• **WHAT YOU HAVE TO DO**: Below are entries; write every one of them out again exactly.

• **SUPPLIED DATA**:
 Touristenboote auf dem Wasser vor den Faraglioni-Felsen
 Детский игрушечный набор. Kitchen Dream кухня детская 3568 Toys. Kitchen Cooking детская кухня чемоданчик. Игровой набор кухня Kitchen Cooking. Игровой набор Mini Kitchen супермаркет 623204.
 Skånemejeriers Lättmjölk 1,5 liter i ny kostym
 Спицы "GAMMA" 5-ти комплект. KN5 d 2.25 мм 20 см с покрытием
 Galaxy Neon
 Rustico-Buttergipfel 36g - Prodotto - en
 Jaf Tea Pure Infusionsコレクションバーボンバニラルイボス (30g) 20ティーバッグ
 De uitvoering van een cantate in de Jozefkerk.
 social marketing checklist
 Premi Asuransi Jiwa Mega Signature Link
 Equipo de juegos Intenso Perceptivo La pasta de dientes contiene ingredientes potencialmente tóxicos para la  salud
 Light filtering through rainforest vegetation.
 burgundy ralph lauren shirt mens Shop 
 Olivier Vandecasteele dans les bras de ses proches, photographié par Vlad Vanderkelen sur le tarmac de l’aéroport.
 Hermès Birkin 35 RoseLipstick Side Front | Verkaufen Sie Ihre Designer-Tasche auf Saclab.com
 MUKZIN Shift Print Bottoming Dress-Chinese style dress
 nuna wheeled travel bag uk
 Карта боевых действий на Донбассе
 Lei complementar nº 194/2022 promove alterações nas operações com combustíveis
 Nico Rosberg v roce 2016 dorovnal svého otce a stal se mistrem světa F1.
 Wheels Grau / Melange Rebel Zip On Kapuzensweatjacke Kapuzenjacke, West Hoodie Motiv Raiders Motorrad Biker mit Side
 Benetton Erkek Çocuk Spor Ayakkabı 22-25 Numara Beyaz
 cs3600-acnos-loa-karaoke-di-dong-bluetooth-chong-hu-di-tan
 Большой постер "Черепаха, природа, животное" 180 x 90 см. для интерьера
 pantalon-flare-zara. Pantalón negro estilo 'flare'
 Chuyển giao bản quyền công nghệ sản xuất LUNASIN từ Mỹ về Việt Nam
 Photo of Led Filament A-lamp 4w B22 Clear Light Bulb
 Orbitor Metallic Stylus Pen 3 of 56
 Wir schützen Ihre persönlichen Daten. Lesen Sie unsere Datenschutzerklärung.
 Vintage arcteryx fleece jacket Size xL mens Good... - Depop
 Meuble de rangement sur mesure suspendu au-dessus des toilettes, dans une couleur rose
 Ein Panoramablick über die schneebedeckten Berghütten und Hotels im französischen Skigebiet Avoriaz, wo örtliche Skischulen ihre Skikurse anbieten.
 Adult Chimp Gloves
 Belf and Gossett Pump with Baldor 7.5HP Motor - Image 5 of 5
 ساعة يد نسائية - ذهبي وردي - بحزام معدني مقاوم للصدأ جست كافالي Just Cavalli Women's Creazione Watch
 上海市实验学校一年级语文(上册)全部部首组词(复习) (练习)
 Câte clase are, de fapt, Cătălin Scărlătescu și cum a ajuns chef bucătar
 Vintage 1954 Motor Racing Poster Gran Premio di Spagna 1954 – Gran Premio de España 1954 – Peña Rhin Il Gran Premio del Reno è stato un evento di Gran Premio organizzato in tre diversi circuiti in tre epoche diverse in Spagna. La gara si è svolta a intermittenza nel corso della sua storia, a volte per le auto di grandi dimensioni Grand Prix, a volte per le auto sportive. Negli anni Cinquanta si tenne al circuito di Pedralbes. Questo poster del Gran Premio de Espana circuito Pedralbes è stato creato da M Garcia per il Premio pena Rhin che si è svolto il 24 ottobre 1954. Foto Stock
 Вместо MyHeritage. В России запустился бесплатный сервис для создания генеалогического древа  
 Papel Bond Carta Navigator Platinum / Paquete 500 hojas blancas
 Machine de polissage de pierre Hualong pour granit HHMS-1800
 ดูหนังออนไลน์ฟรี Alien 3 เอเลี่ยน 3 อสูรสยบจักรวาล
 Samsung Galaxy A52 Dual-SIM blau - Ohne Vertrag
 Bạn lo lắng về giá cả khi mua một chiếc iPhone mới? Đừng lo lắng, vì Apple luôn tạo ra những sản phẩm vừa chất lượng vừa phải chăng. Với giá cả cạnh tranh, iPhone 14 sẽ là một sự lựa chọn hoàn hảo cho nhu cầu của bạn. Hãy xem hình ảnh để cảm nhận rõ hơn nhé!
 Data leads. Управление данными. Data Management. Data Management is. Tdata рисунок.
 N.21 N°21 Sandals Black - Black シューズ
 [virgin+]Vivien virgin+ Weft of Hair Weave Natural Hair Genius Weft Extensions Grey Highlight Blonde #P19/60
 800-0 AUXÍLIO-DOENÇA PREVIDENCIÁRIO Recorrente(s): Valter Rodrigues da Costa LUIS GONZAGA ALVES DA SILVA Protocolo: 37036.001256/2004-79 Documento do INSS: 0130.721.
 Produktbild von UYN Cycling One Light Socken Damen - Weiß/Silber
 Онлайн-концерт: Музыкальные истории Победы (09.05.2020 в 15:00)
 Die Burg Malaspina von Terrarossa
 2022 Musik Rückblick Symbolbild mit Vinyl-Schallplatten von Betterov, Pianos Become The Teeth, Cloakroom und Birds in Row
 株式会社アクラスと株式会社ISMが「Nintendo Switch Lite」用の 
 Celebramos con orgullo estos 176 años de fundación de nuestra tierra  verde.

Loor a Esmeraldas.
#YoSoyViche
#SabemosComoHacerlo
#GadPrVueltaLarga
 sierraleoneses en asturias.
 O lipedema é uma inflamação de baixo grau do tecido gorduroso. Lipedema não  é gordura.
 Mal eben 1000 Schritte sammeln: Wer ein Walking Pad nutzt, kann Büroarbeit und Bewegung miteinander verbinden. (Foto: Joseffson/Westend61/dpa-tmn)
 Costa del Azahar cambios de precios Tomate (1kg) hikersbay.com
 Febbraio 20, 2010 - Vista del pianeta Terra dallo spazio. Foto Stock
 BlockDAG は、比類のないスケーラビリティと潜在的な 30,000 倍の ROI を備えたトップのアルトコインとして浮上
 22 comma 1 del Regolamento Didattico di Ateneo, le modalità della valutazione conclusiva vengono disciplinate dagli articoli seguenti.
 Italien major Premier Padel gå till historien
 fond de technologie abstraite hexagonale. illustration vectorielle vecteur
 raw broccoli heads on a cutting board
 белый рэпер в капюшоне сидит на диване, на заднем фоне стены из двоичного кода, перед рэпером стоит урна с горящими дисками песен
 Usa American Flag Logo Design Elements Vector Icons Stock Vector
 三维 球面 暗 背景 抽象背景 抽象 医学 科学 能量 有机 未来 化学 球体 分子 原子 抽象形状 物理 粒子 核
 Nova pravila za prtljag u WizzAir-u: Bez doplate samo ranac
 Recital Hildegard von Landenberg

• **RESPONSE FOR THIS EXERCISE**:
 Touristenboote auf dem Wasser vor den Faraglioni-Felsen
 Детский игрушечный набор. Kitchen Dream кухня детская 3568 Toys. Kitchen Cooking детская кухня чемоданчик. Игровой набор кухня Kitchen Cooking. Игровой набор Mini Kitchen супермаркет 623204.
 Skånemejeriers Lättmjölk 1,5 liter i ny kostym
 Спицы "GAMMA" 5-ти комплект. KN5 d 2.25 мм 20 см с покрытием
 Galaxy Neon
 Rustico-Buttergipfel 36g - Prodotto - en
 Jaf Tea Pure Infusionsコレクションバーボンバニラルイボス (30g) 20ティーバッグ
 De uitvoering van een cantate in de Jozefkerk.
 social marketing checklist
 Premi Asuransi Jiwa Mega Signature Link
 Equipo de juegos Intenso Perceptivo La pasta de dientes contiene ingredientes potencialmente tóxicos para la  salud
 Light filtering through rainforest vegetation.
 burgundy ralph lauren shirt mens Shop 
 Olivier Vandecasteele dans les bras de ses proches, photographié par Vlad Vanderkelen sur le tarmac de l’aéroport.
 Hermès Birkin 35 RoseLipstick Side Front | Verkaufen Sie Ihre Designer-Tasche auf Saclab.com
 MUKZIN Shift Print Bottoming Dress-Chinese style dress
 nuna wheeled travel bag uk
 Карта боевых действий на Донбассе
 Lei complementar nº 194/2022 promove alterações nas operações com combustíveis
 Nico Rosberg v roce 2016 dorovnal svého otce a stal se mistrem světa F1.
 Wheels Grau / Melange Rebel Zip On Kapuzensweatjacke Kapuzenjacke, West Hoodie Motiv Raiders Motorrad Biker mit Side
 Benetton Erkek Çocuk Spor Ayakkabı 22-25 Numara Beyaz
 cs3600-acnos-loa-karaoke-di-dong-bluetooth-chong-hu-di-tan
 Большой постер "Черепаха, природа, животное" 180 x 90 см. для интерьера
 pantalon-flare-zara. Pantalón negro estilo 'flare'
 Chuyển giao bản quyền công nghệ sản xuất LUNASIN từ Mỹ về Việt Nam
 Photo of Led Filament A-lamp 4w B22 Clear Light Bulb
 Orbitor Metallic Stylus Pen 3 of 56
 Wir schützen Ihre persönlichen Daten. Lesen Sie unsere Datenschutzerklärung.
 Vintage arcteryx fleece jacket Size xL mens Good... - Depop
 Meuble de rangement sur mesure suspendu au-dessus des toilettes, dans une couleur rose
 Ein Panoramablick über die schneebedeckten Berghütten und Hotels im französischen Skigebiet Avoriaz, wo örtliche Skischulen ihre Skikurse anbieten.
 Adult Chimp Gloves
 Belf and Gossett Pump with Baldor 7.5HP Motor - Image 5 of 5
 ساعة يد نسائية - ذهبي وردي - بحزام معدني مقاوم للصدأ جست كافالي Just Cavalli Women's Creazione Watch
 上海市实验学校一年级语文(上册)全部部首组词(复习) (练习)
 Câte clase are, de fapt, Cătălin Scărlătescu și cum a ajuns chef bucătar
 Vintage 1954 Motor Racing Poster Gran Premio di Spagna 1954 – Gran Premio de España 1954 – Peña Rhin Il Gran Premio del Reno è stato un evento di Gran Premio organizzato in tre diversi circuiti in tre epoche diverse in Spagna. La gara si è svolta a intermittenza nel corso della sua storia, a volte per le auto di grandi dimensioni Grand Prix, a volte per le auto sportive. Negli anni Cinquanta si tenne al circuito di Pedralbes. Questo poster del Gran Premio de Espana circuito Pedralbes è stato creato da M Garcia per il Premio pena Rhin che si è svolto il 24 ottobre 1954. Foto Stock
 Вместо MyHeritage. В России запустился бесплатный сервис для создания генеалогического древа  
 Papel Bond Carta Navigator Platinum / Paquete 500 hojas blancas
 Machine de polissage de pierre Hualong pour granit HHMS-1800
 ดูหนังออนไลน์ฟรี Alien 3 เอเลี่ยน 3 อสูรสยบจักรวาล
 Samsung Galaxy A52 Dual-SIM blau - Ohne Vertrag
 Bạn lo lắng về giá cả khi mua một chiếc iPhone mới? Đừng lo lắng, vì Apple luôn tạo ra những sản phẩm vừa chất lượng vừa phải chăng. Với giá cả cạnh tranh, iPhone 14 sẽ là một sự lựa chọn hoàn hảo cho nhu cầu của bạn. Hãy xem hình ảnh để cảm nhận rõ hơn nhé!
 Data leads. Управление данными. Data Management. Data Management is. Tdata рисунок.
 N.21 N°21 Sandals Black - Black シューズ
 [virgin+]Vivien virgin+ Weft of Hair Weave Natural Hair Genius Weft Extensions Grey Highlight Blonde #P19/60
 800-0 AUXÍLIO-DOENÇA PREVIDENCIÁRIO Recorrente(s): Valter Rodrigues da Costa LUIS GONZAGA ALVES DA SILVA Protocolo: 37036.001256/2004-79 Documento do INSS: 0130.721.
 Produktbild von UYN Cycling One Light Socken Damen - Weiß/Silber
 Онлайн-концерт: Музыкальные истории Победы (09.05.2020 в 15:00)
 Die Burg Malaspina von Terrarossa
 2022 Musik Rückblick Symbolbild mit Vinyl-Schallplatten von Betterov, Pianos Become The Teeth, Cloakroom und Birds in Row
 株式会社アクラスと株式会社ISMが「Nintendo Switch Lite」用の 
 Celebramos con orgullo estos 176 años de fundación de nuestra tierra  verde.

Loor a Esmeraldas.
#YoSoyViche
#SabemosComoHacerlo
#GadPrVueltaLarga
 sierraleoneses en asturias.
 O lipedema é uma inflamação de baixo grau do tecido gorduroso. Lipedema não  é gordura.
 Mal eben 1000 Schritte sammeln: Wer ein Walking Pad nutzt, kann Büroarbeit und Bewegung miteinander verbinden. (Foto: Joseffson/Westend61/dpa-tmn)
 Costa del Azahar cambios de precios Tomate (1kg) hikersbay.com
 Febbraio 20, 2010 - Vista del pianeta Terra dallo spazio. Foto Stock
 BlockDAG は、比類のないスケーラビリティと潜在的な 30,000 倍の ROI を備えたトップのアルトコインとして浮上
 22 comma 1 del Regolamento Didattico di Ateneo, le modalità della valutazione conclusiva vengono disciplinate dagli articoli seguenti.
 Italien major Premier Padel gå till historien
 fond de technologie abstraite hexagonale. illustration vectorielle vecteur
 raw broccoli heads on a cutting board
 белый рэпер в капюшоне сидит на диване, на заднем фоне стены из двоичного кода, перед рэпером стоит урна с горящими дисками песен
 Usa American Flag Logo Design Elements Vector Icons Stock Vector
 三维 球面 暗 背景 抽象背景 抽象 医学 科学 能量 有机 未来 化学 球体 分子 原子 抽象形状 物理 粒子 核
 Nova pravila za prtljag u WizzAir-u: Bez doplate samo ranac
 Recital Hildegard von Landenberg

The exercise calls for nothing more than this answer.